Development Impact Grants (DI grants)

Application information and template

QUICK REFERENCE

Award Range: CHF 5’000–CHF 10’000

Deadline to Apply: 15.05.2018

Earliest start of Project: 15.06.2018

Submit by email to:

Updates to the Development Impact Grant program will be posted on the cooperation.epfl.chwebsite and will replace any previously circulated or published materials.

Application Submission: Submit the completed application package to . Submitted files should read “[Project Name]_[Last Name of person submitting grant]”.

The application should include:

1.Application Cover Sheet.

2.The Project Description. Your project description should directly follow the cover sheet in a single document. The project description must be single spaced, using 11-point font, with 2.5cm margins, is not to exceed 3 pages and should address all points. No supplements, appendices, or additional materials will be reviewed.

3.The Budget. One year of funding can be requested, to be spent within 12 months.

Please note that CODEV reserves the right to request additional information from applicants as necessary.

Support Letters: Letters of support are not required. However, applicants are welcome to submit a letter from a partner institution expressing their commitment to work with the project team if applicable. Additional letters advocating the proposed approach or confirming the value of the project idea —from scale-up partners, collaborating institutions, policy-makers —are also welcome. No more than 2 letters will be accepted.

Application template

Project Title (max 5 words):
Focus Country:
Student Name: / Email:
EPFL Faculty: / EPFL Lab:
Project Summary
(1 sentence):
Main International Partner Organization (if applicable):
Main International Partner Contact: (Individual)* / Partner Contact Email:
Total Funding Requested (CHF):
Would you be interested to spend 2-4 weeks working at a desk at swissnex San Francisco or swissnex India? If yes please indicate your reasons and preference for location. Please note that part of the grant will be allocated to cover expenses of this stay.
Abstract: Please include a summary of your proposed project (max 200 words), in language appropriate for a non-technical reader.

Project Team: Please list all co-investigators and field research partners. Do not list a partner organization without an identified point of contact (i.e. Name and Title/Position).
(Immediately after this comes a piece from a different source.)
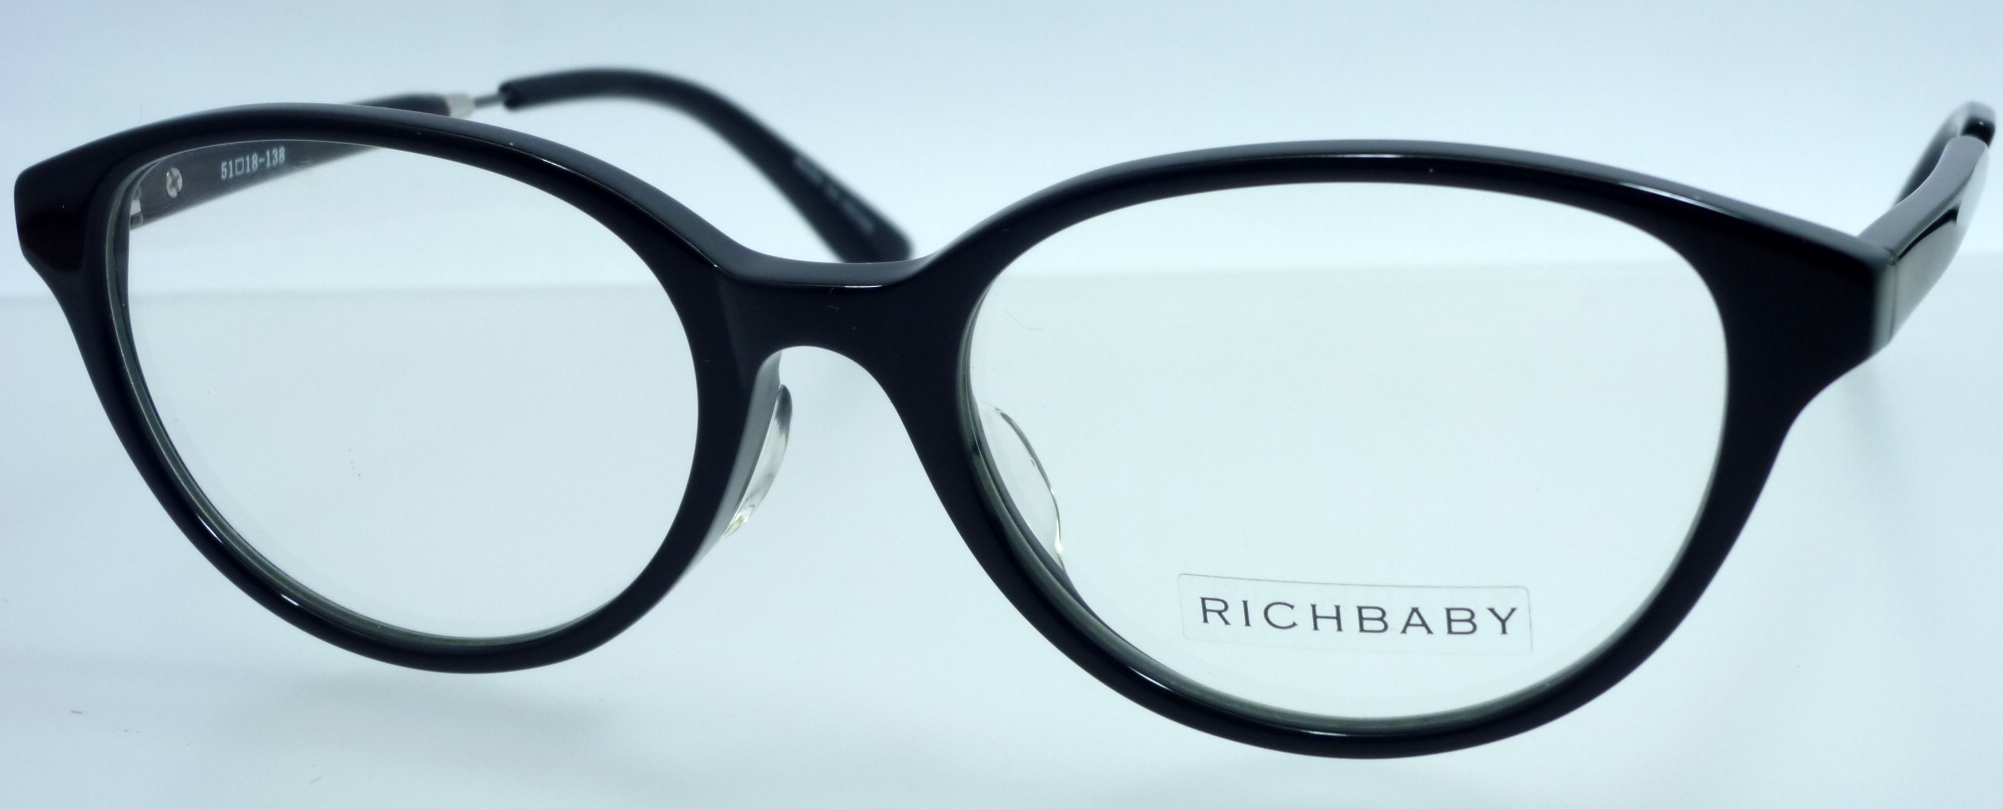 メガネ 眼鏡 薄型非球面度つきレンズセット RICHBABY メガネ ボストン  RB5008 メガネフレーム レンズセット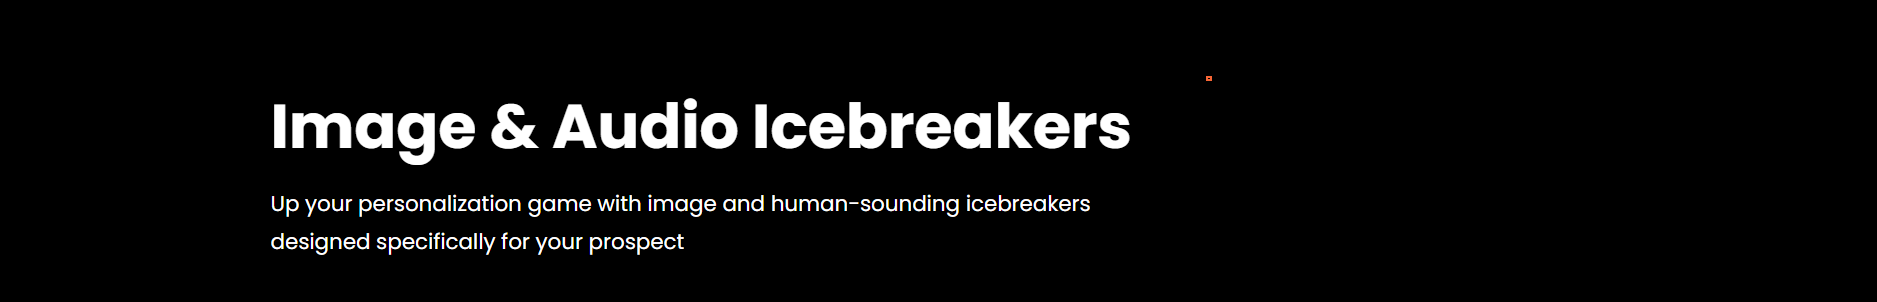 750-icebreakers

Name / Title/Position / Institution / Country / Field/Discipline / Email

ProjectDescription

Instructions
1. Description text should use 11-point font and 2.5 cm margins.
2. Include responses to ALL questions below.
3. The description should NOT EXCEED 3 SINGLE-SPACE PAGES. Additional pages will be discarded.
5. The project description should be unprotected and unlocked (editable) text (.doc) file.
  1. Project Title. Include a project title no longer than 5 words; this title will be used for all correspondence.
  1. Development Challenge: What is the development challenge you seek to address? How does it relate to the Sustainable Development Goals (SDGs)? Reference evidence from the literature describing the scale, complexity, and drivers of the challenge.
  1. Approach. Describe your entrepreneurship idea, including how it addresses the development challenge described above. Please indicate the scientific literature and any preliminary, unpublished results that have informed your approach.
  2. What specific gap(s) in knowledge will your work address? Why is your approach innovative?
  3. What questions will the project answer? What specific outcomes will you focus on?
  4. Justify your strategy. What data, tools and methods will you use to answer the questions above?
  1. Development Innovation and Scalability. Describe any intervention or innovation that might result from your work.
  2. How does your project incorporate lessons and methods from multiple disciplines (e.g. engineering, natural science, social science)?
  3. What evidence (e.g. market research, willingness to pay data) do you have of demand for your innovation (e.g. by users, target beneficiaries, policy-makers)?
  4. How do you expect your research to eventually transition out of EPFL? How do you anticipate the project would continue beyond the life the grant?
  5. If your solution proves effective, what types of institutions or communities are likely to fund and implement it at scale?
  1. Existing alternatives or “competitors.” Position yourself within the broader landscape.
  2. What are the two most important alternatives or competing interventions?
  3. How is your idea similar? How is your idea different?
  1. Project Plan: Establish a 12-month timeline which includes key activities and major deliverables.
  1. Risks: What risks do you foresee in implementing this project (e.g. in-country partnership falls through, delays)? How would you overcome them?
  1. Team: What are the unique strengths of your team? How will work be divided among team members? What is the role and level of engagement of your partners?
  1. Measures of success: What metrics you will use to track the success of this grant? What are your targets?
  2. This should be within the scope of your project as funded (can include the envisioned DI grant and any other awarded or anticipated funds).